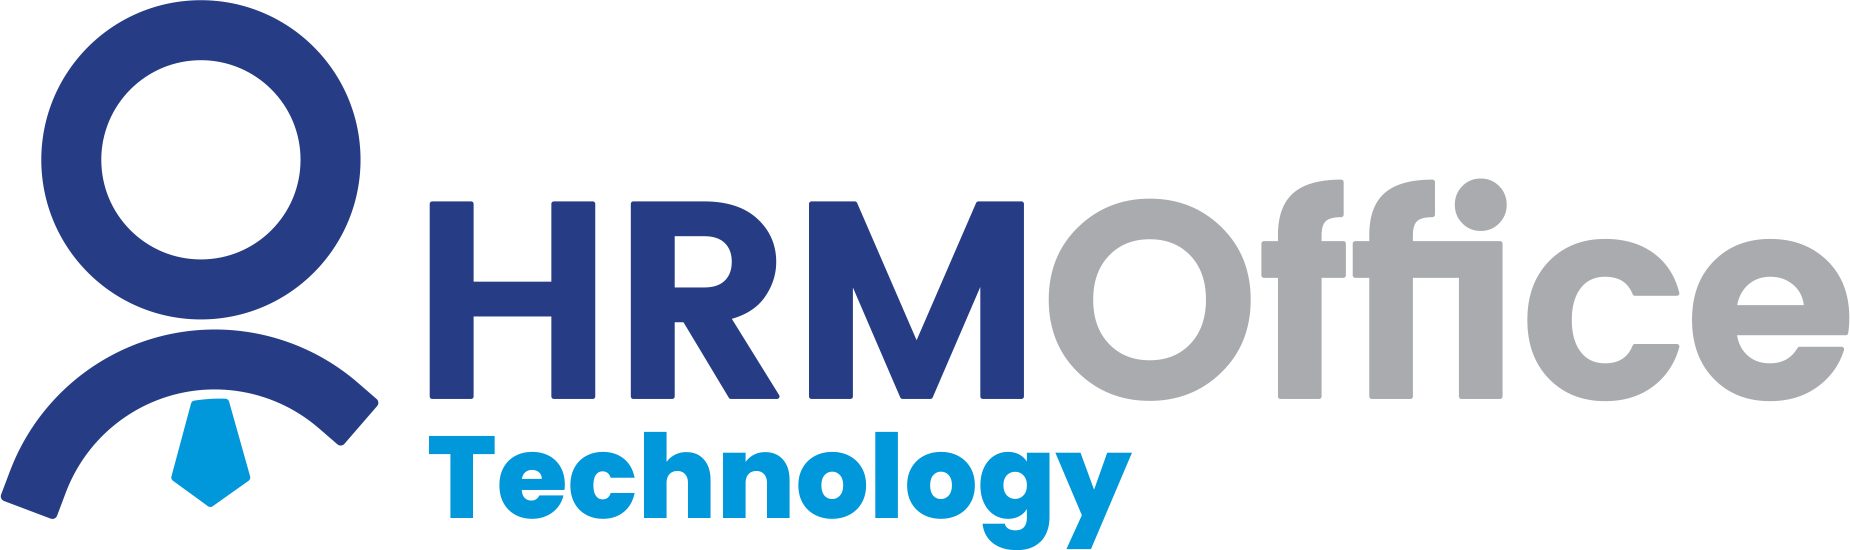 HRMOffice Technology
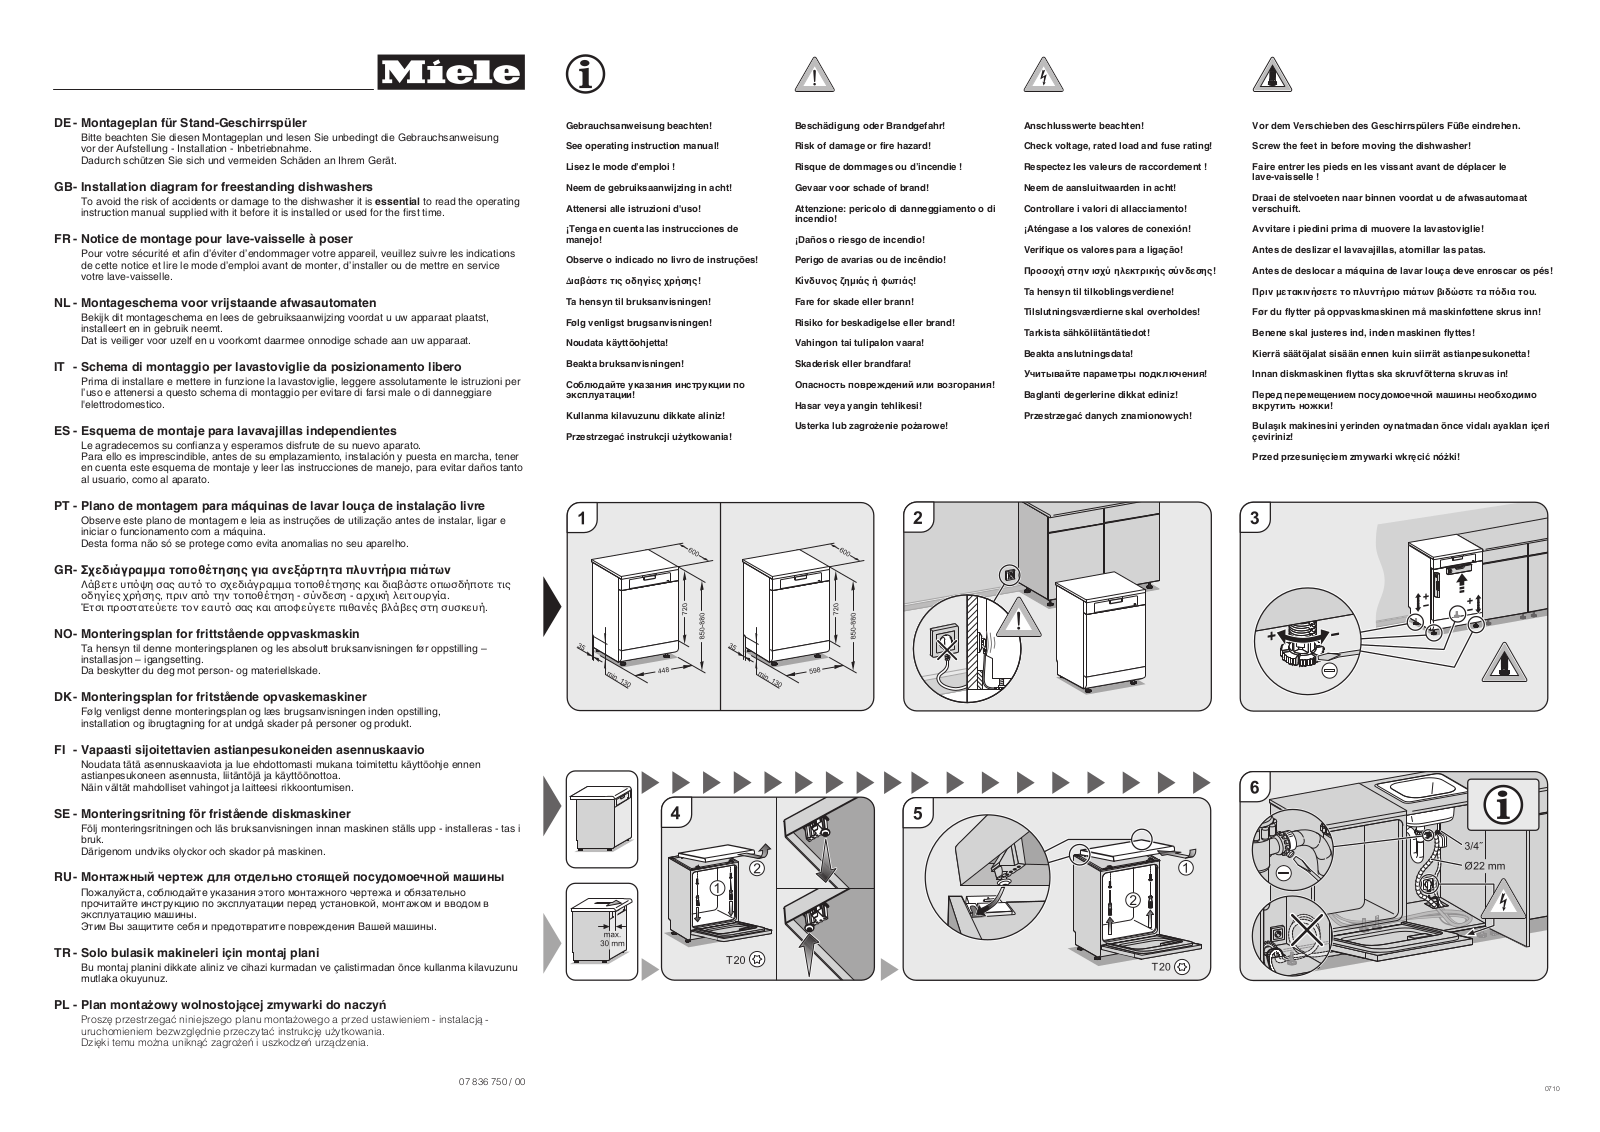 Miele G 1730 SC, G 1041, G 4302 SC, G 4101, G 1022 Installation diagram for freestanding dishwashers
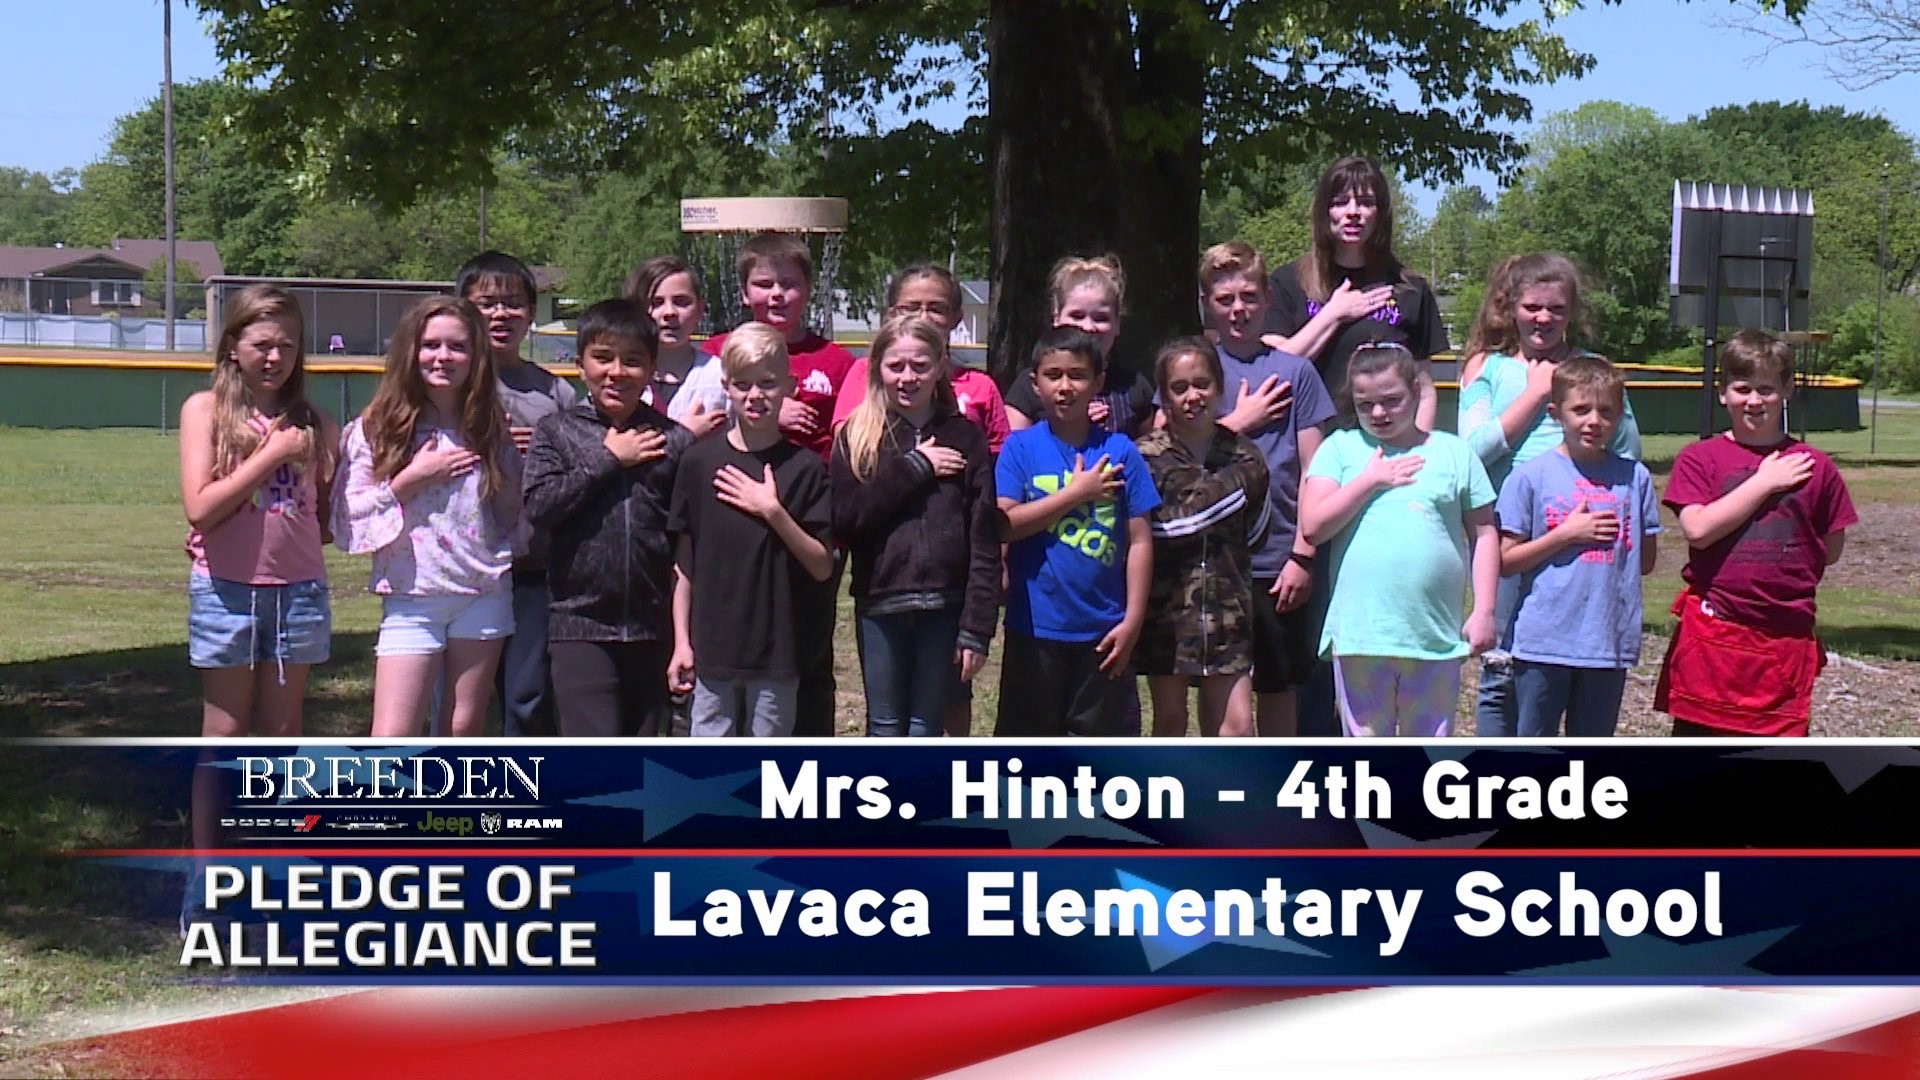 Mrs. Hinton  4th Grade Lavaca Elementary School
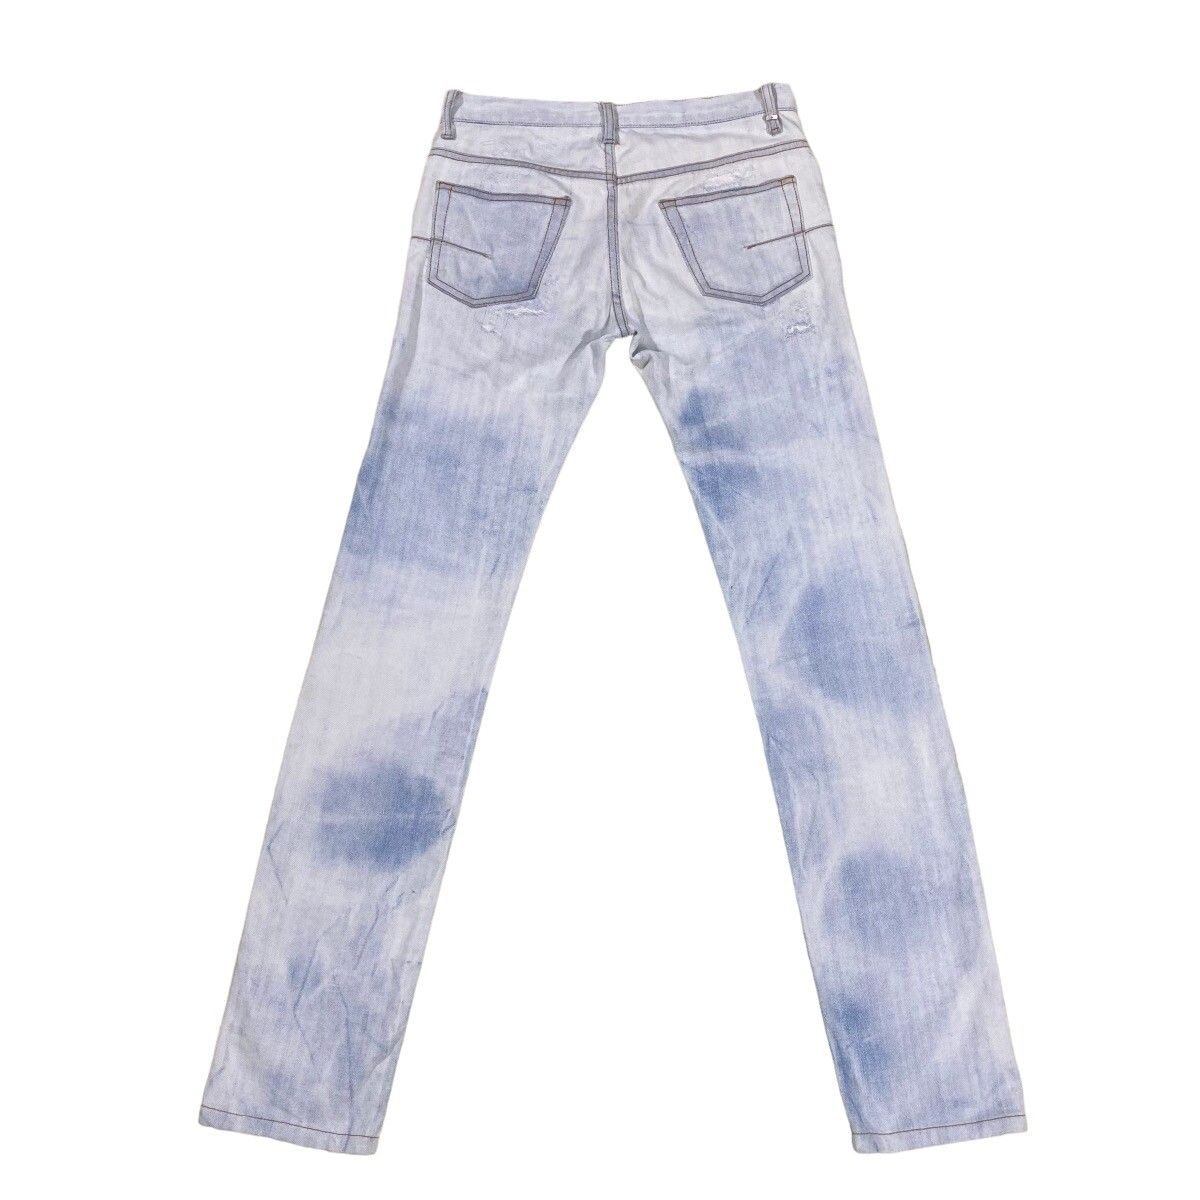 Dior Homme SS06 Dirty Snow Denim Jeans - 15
· · ·
• _Exercise requirements_:
This task calls for an exact copy of the data above, without pictures.

• _Output below_:
 HRMOffice Technology
 Miele G 1730 SC, G 1041, G 4302 SC, G 4101, G 1022 Installation diagram for freestanding dishwashers
 Mrs. Hinton  4th Grade Lavaca Elementary School
 Dior Homme SS06 Dirty Snow Denim Jeans - 15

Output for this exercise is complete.